▶ [AIM OF THE TASK]
How do the lines read from the one holding "Delhi Daredevils v" through the last line of the listing? Set them down exactly, pictures omitted.

▶ [STORED DATA]
Segment Open
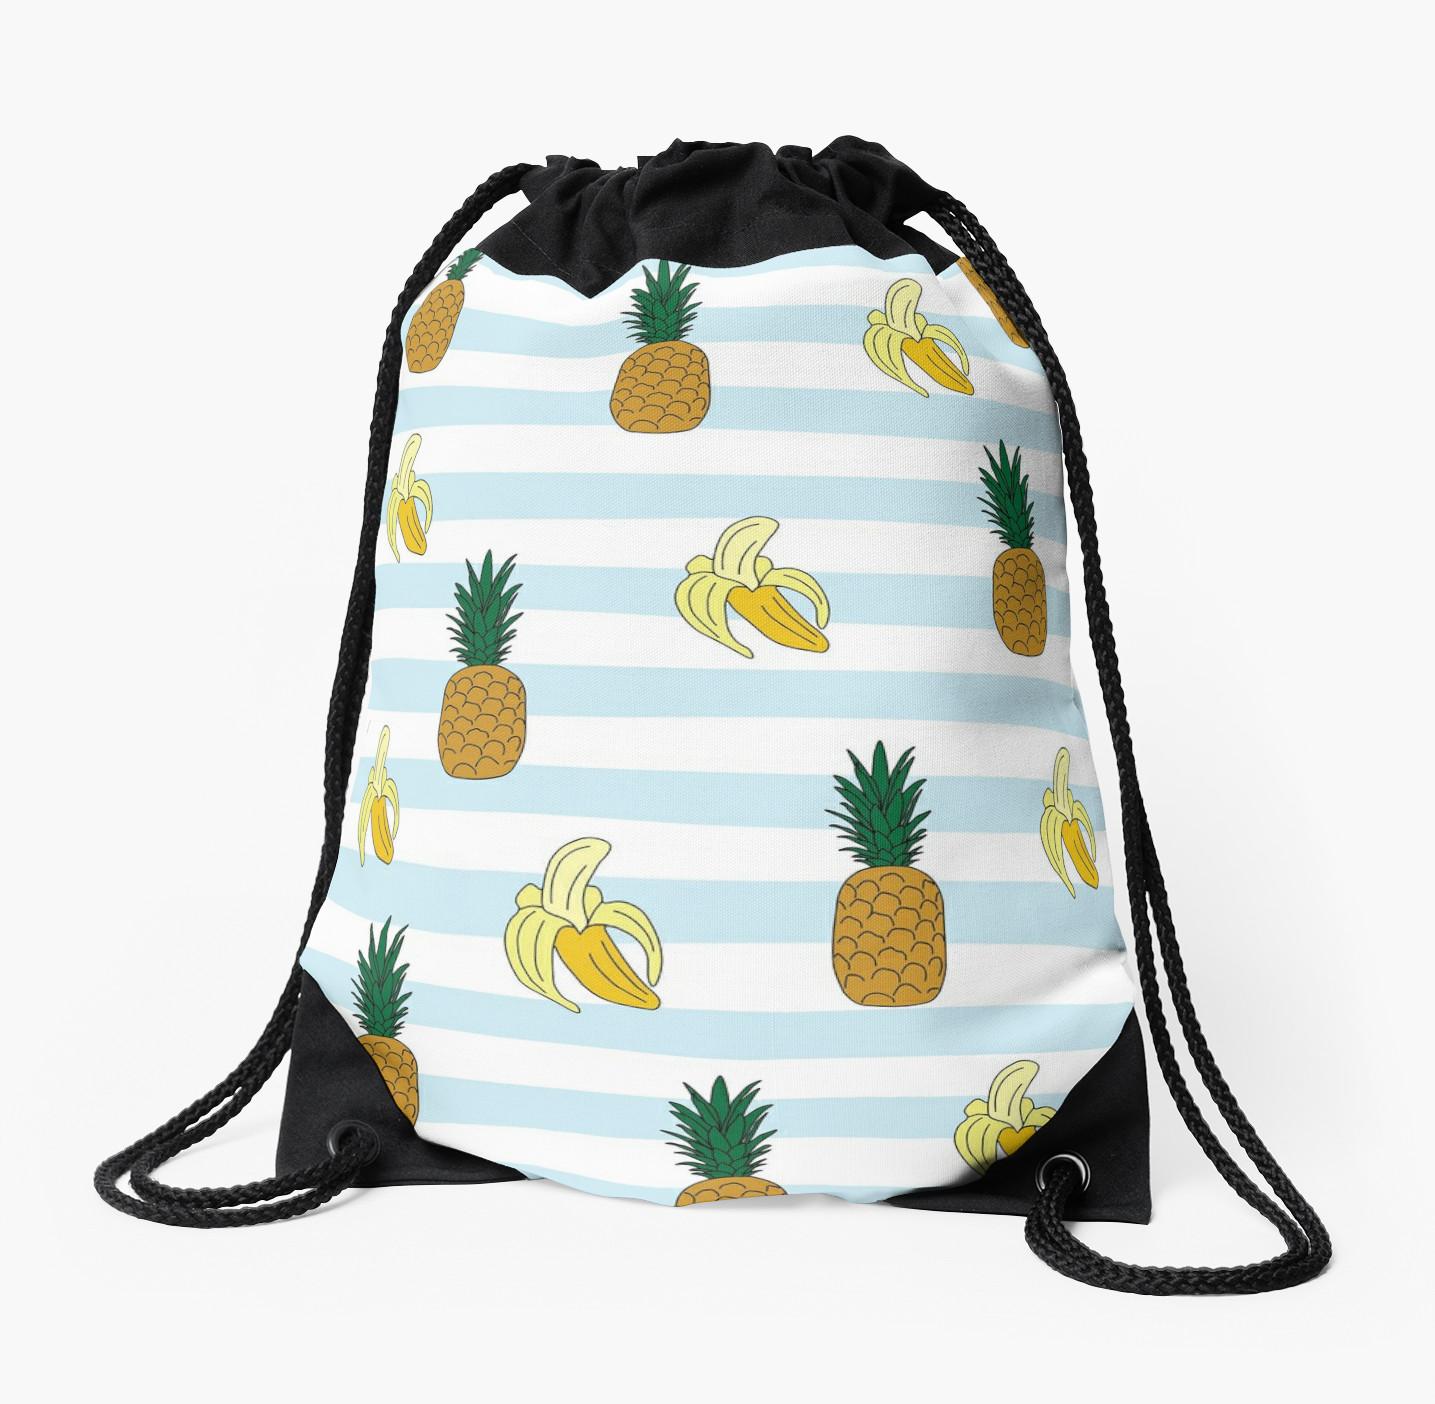 Culturedarm Bananas Pineapples Drawstring Bag
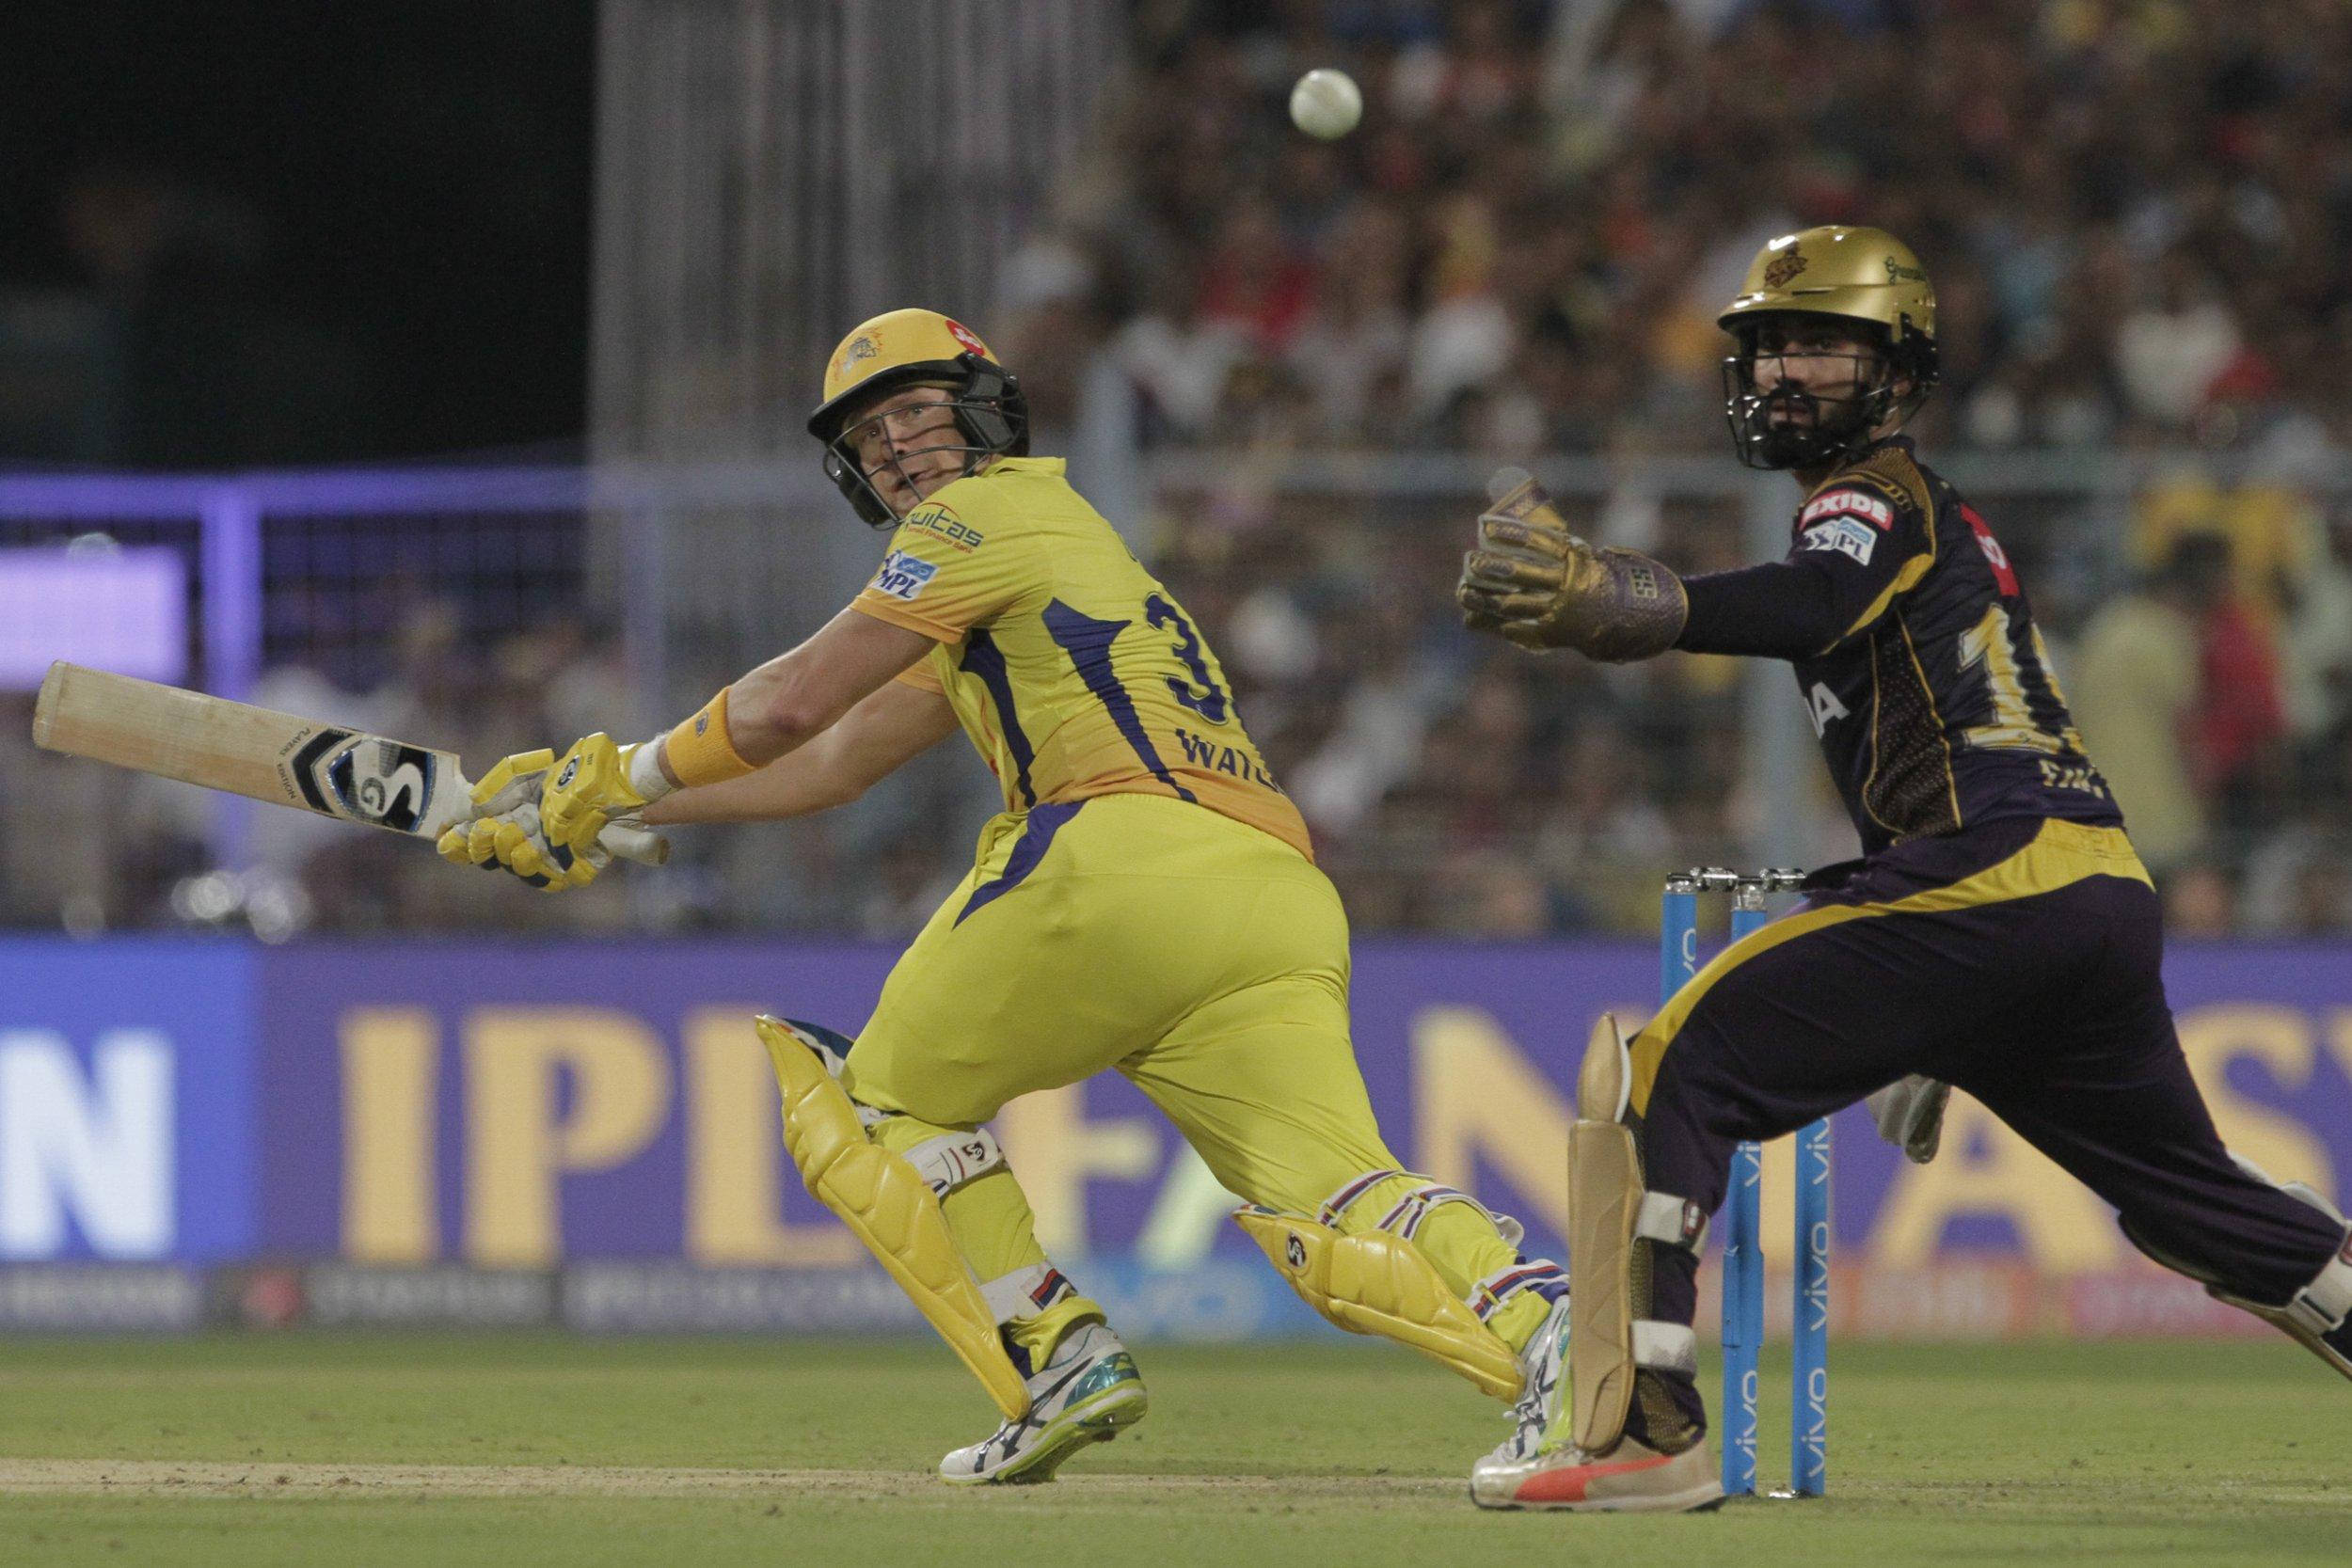 Delhi Daredevils v Chennai Super Kings betting preview: MS Dhoni, Suresh Raina and Shane Watson proving their doubters wrong
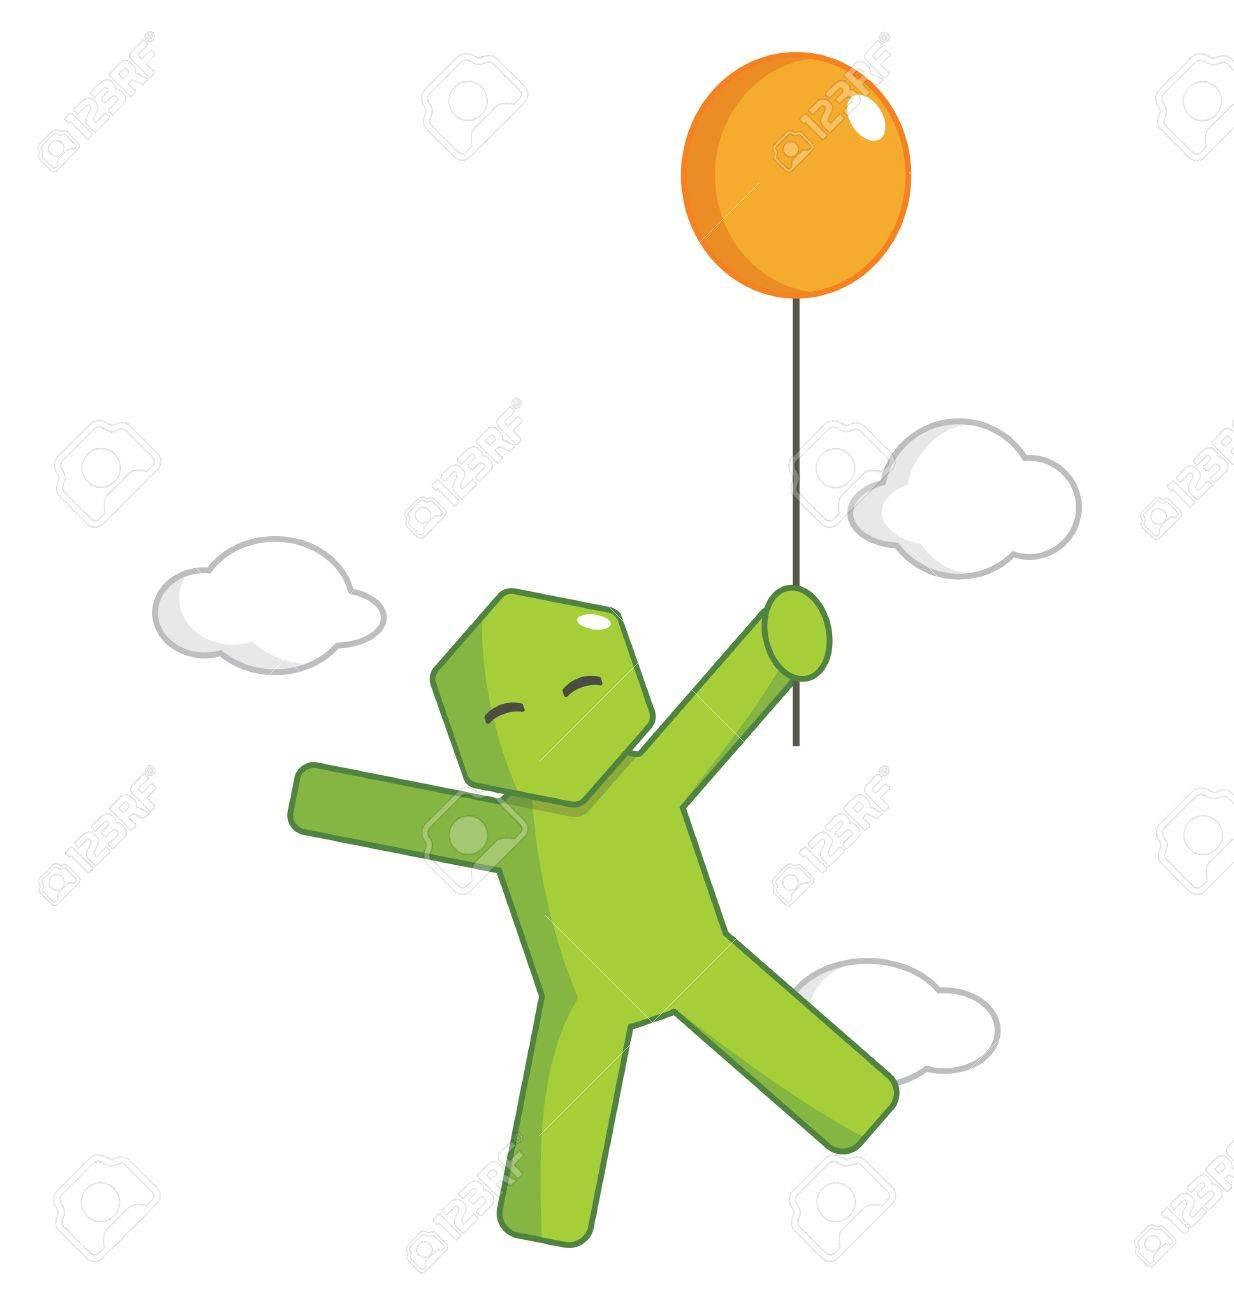 Hexagon Man - Flying By Balloon Stock Vector - 18530560
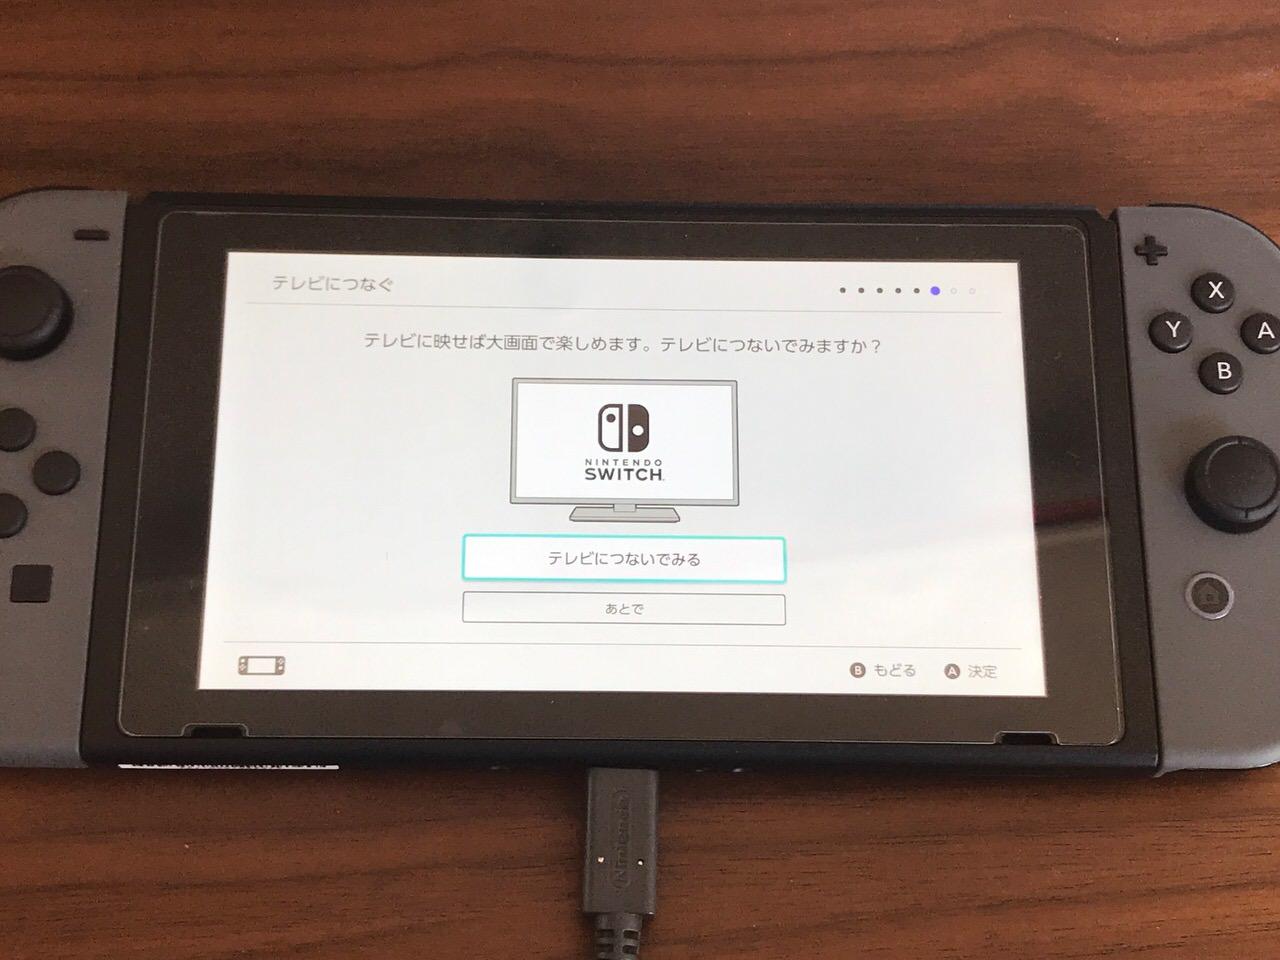 Nintendo switch setup 6764
Segment Closed
▶ [ANSWER TO THE PROBLEM]
 Delhi Daredevils v Chennai Super Kings betting preview: MS Dhoni, Suresh Raina and Shane Watson proving their doubters wrong
 Hexagon Man - Flying By Balloon Stock Vector - 18530560
 Nintendo switch setup 6764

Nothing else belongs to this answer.